══ Recorded data

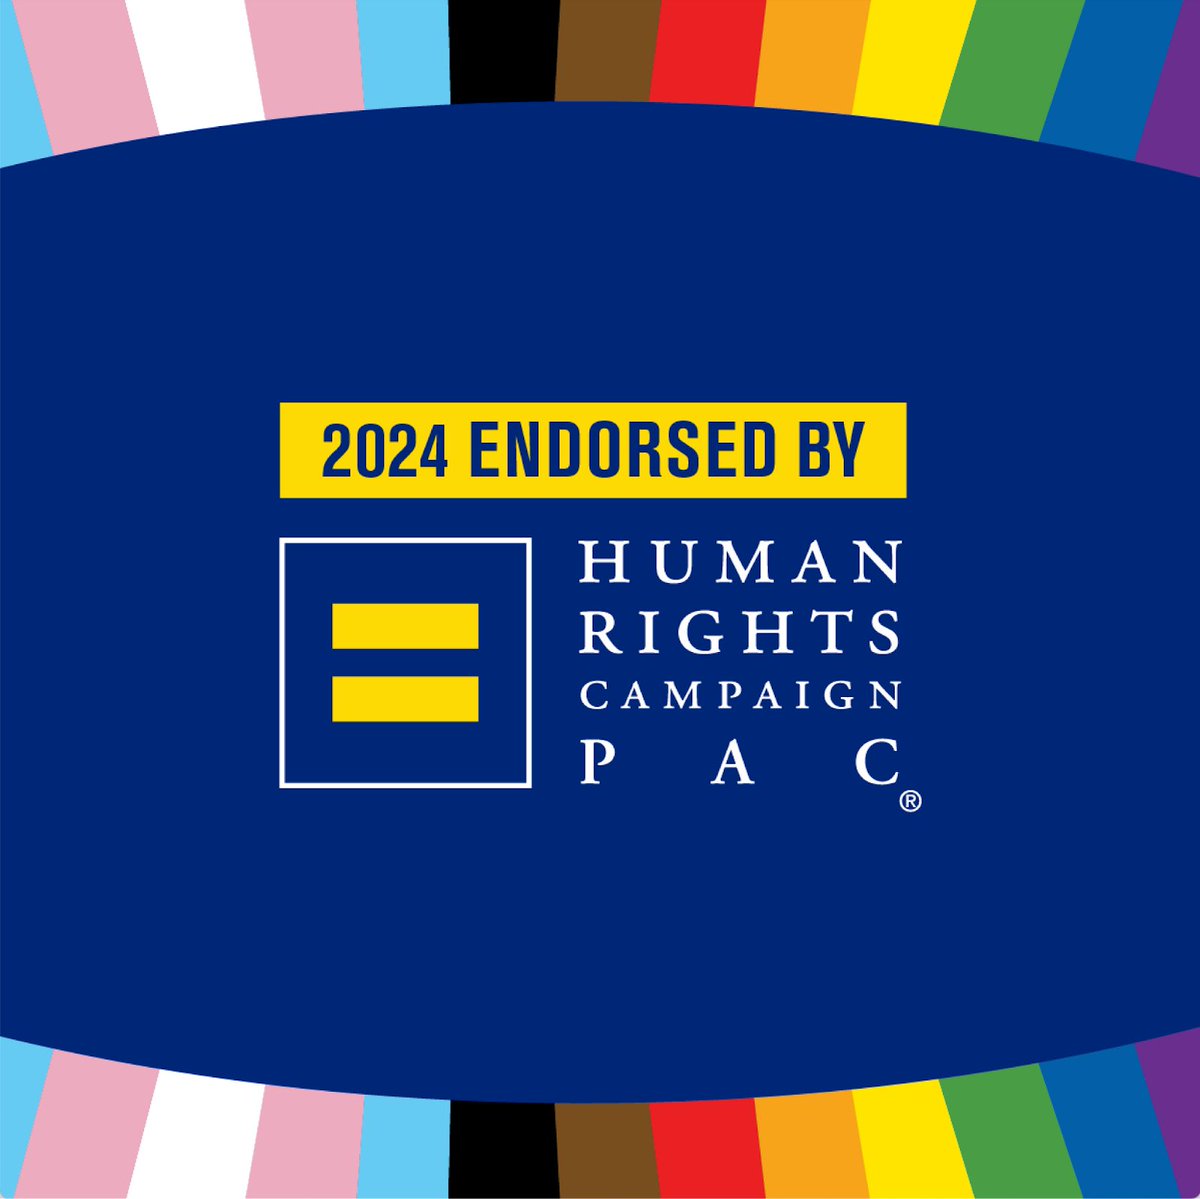 Honored to receive the Human Rights Campaign PAC’s endorsement for my 2024 reelection! Proud to stand with the LGBTQ+ community in the fight for equality for all. @HRC
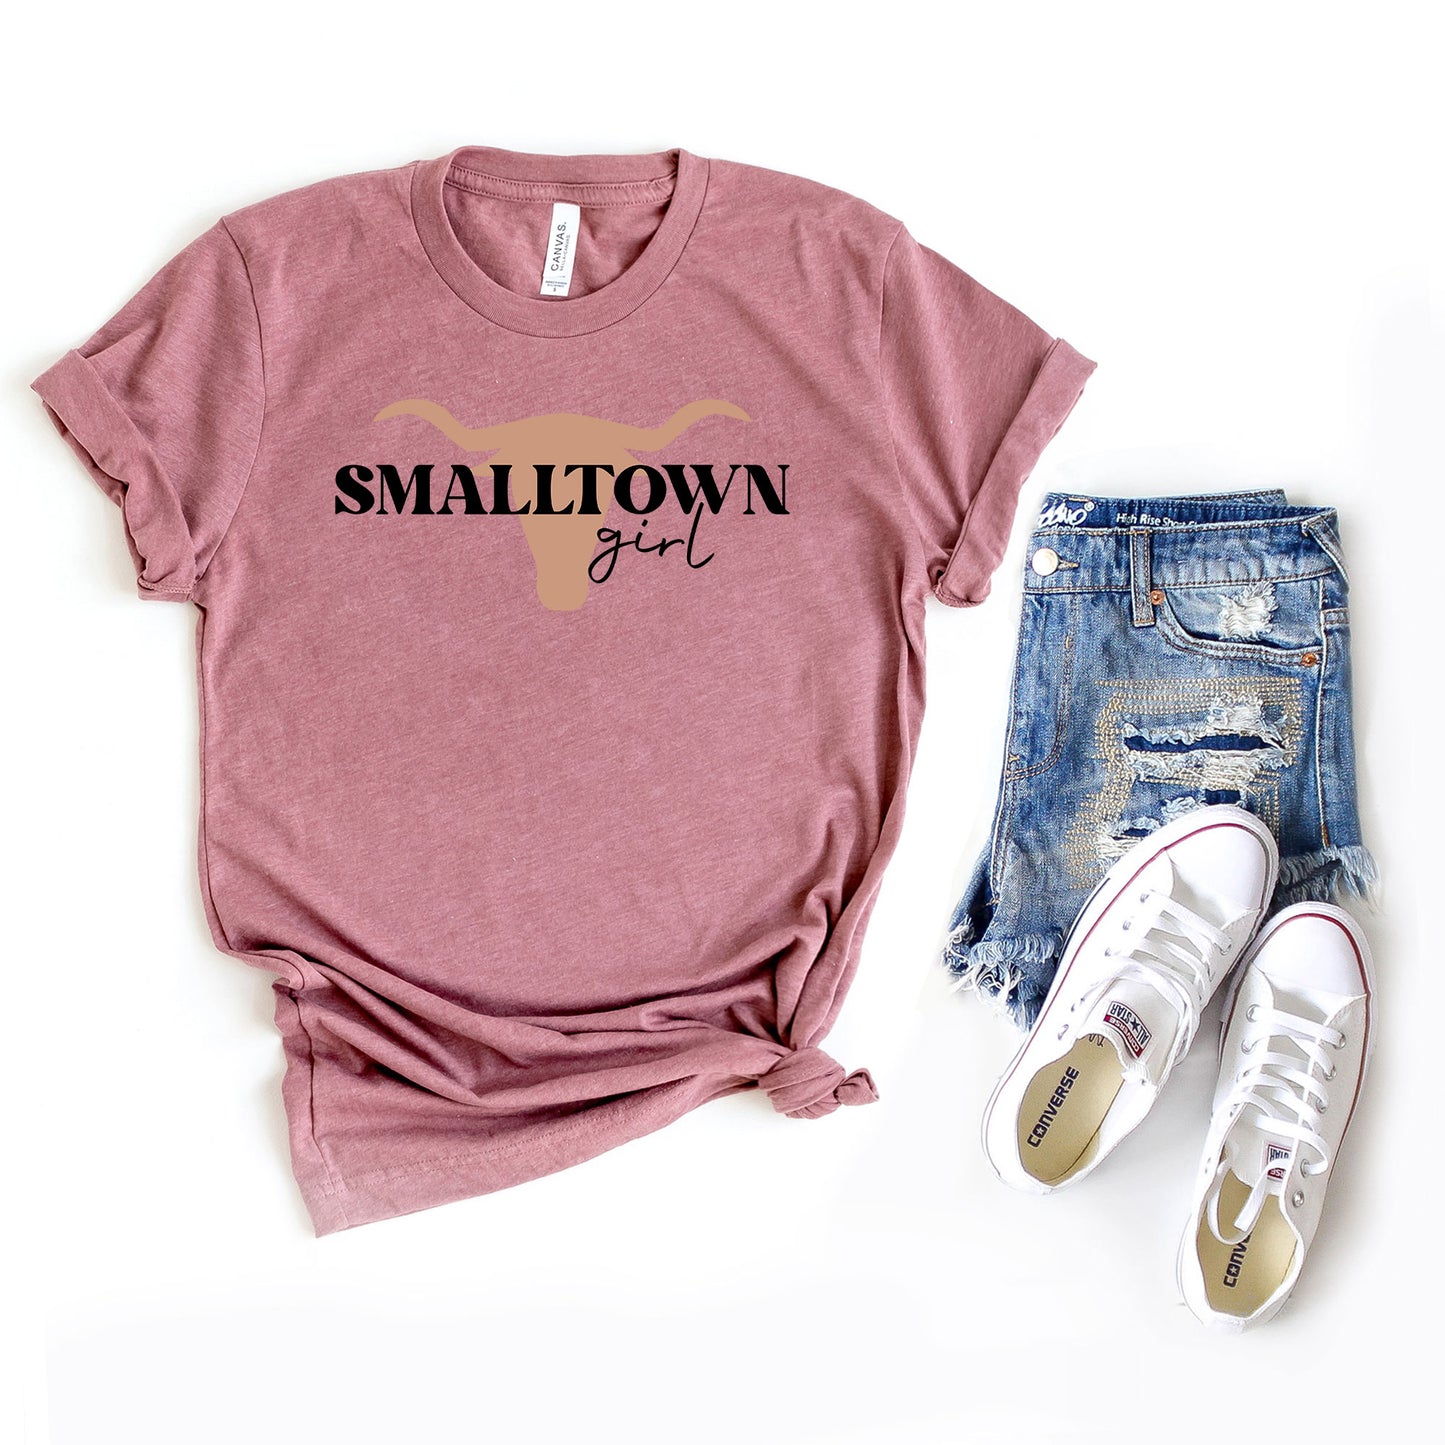 Small Town Girl Bull | Short Sleeve Graphic Tee
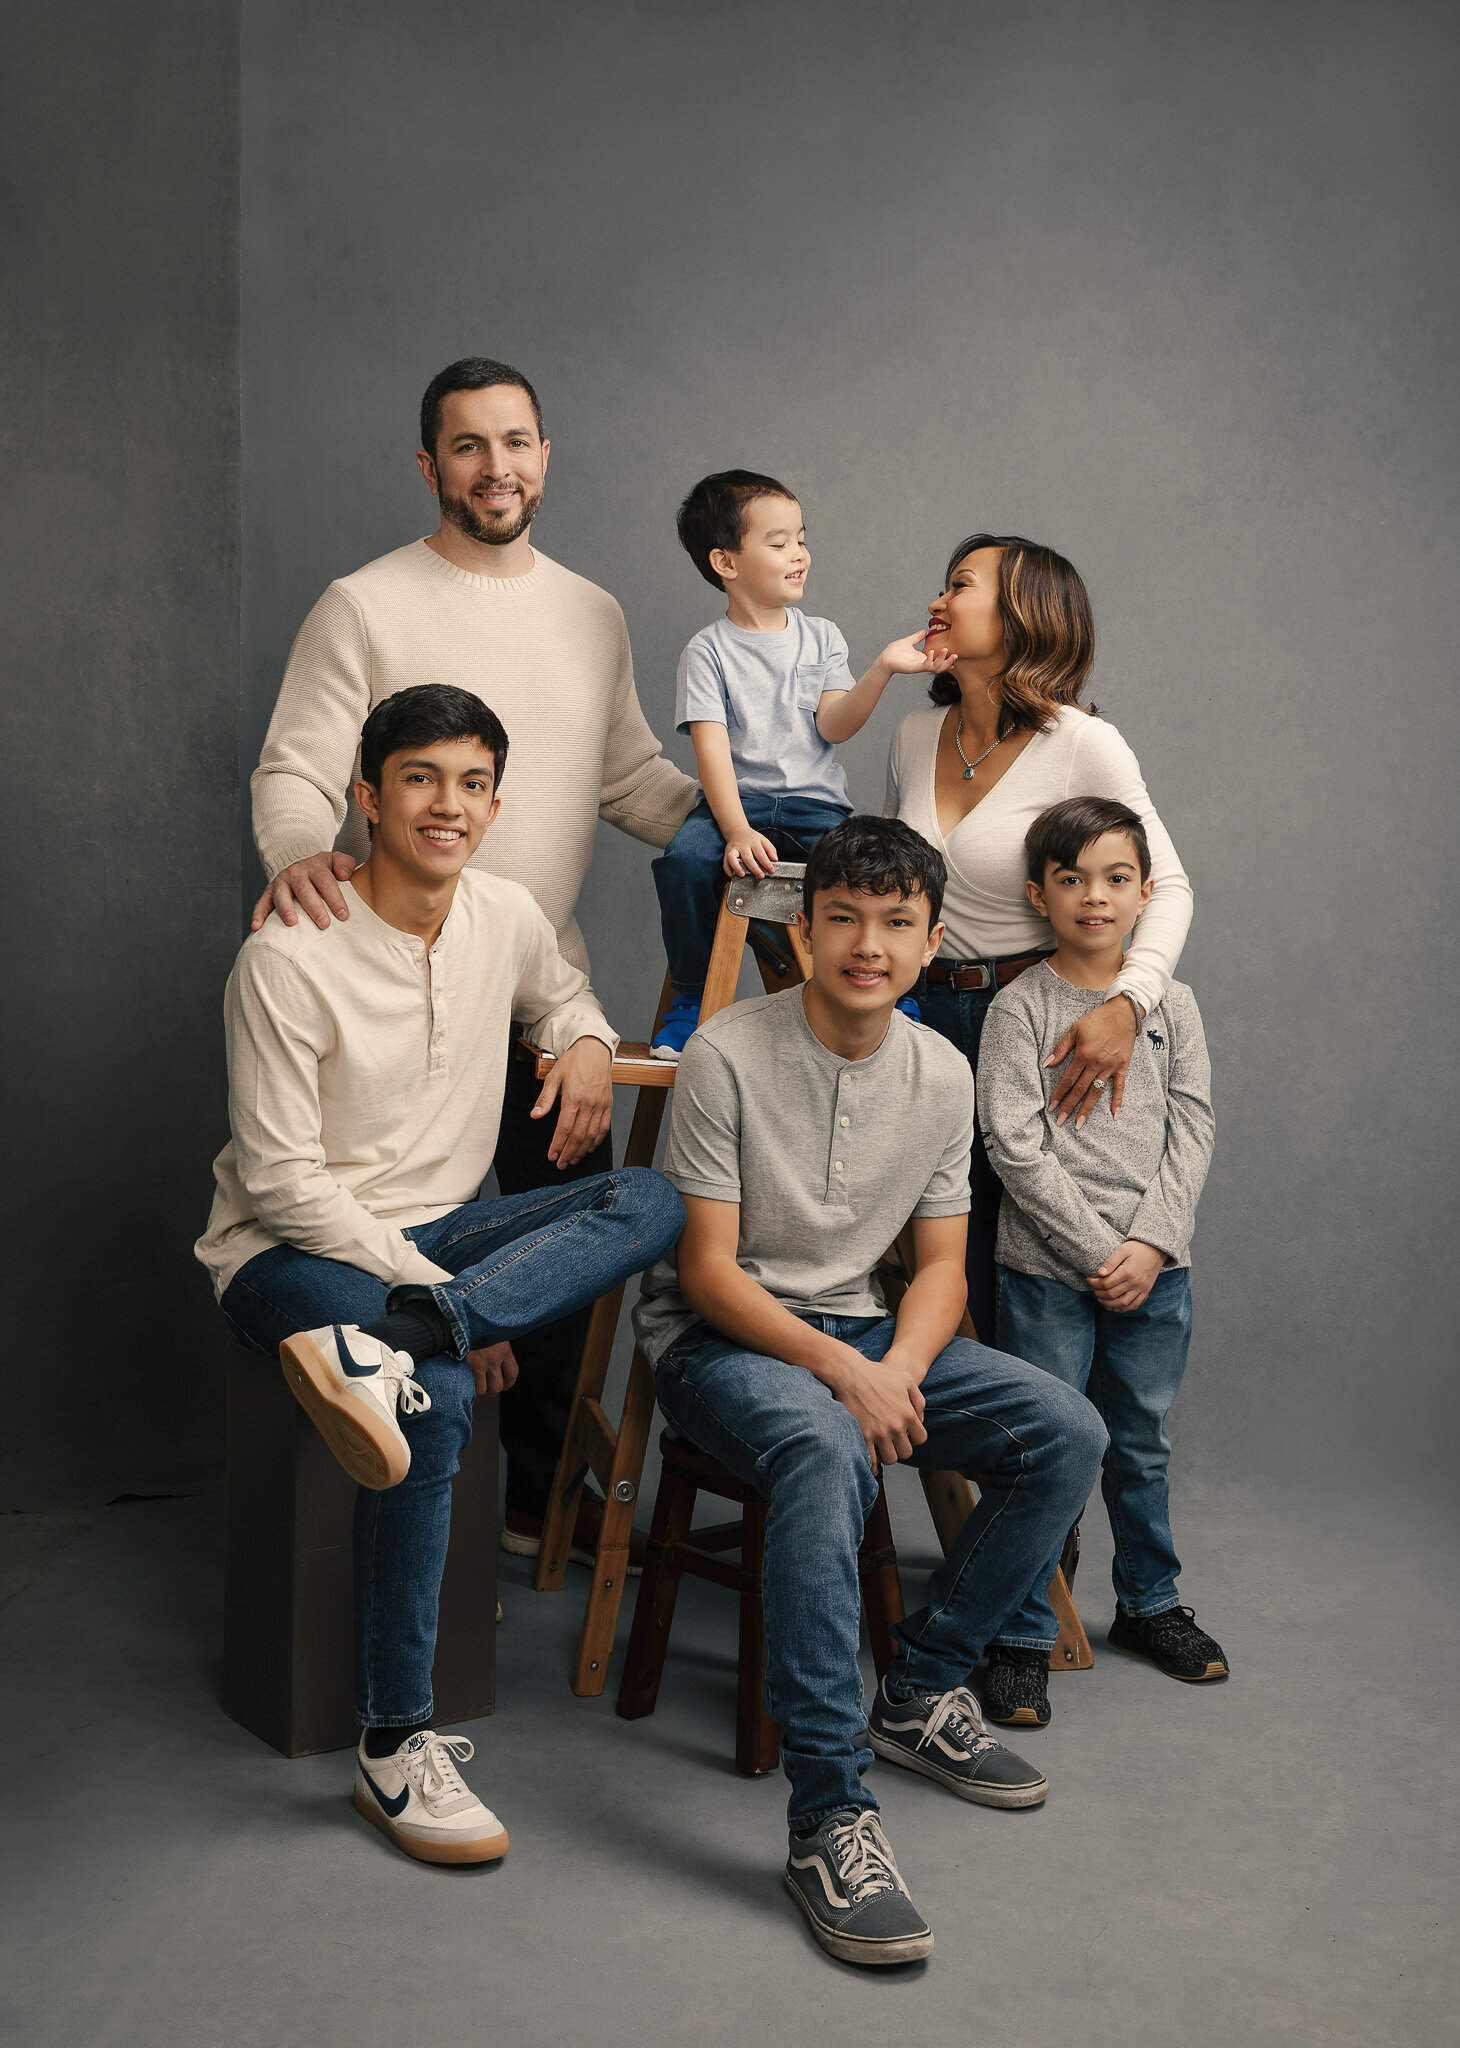 Casual studio portrait of a family by Mayumi Acosta Photography

════

- Problem details: Exact copy, pictures removed: set down the whole listing above.

- Answer box:
 Honored to receive the Human Rights Campaign PAC’s endorsement for my 2024 reelection! Proud to stand with the LGBTQ+ community in the fight for equality for all. @HRC
 Small Town Girl Bull | Short Sleeve Graphic Tee
 Casual studio portrait of a family by Mayumi Acosta Photography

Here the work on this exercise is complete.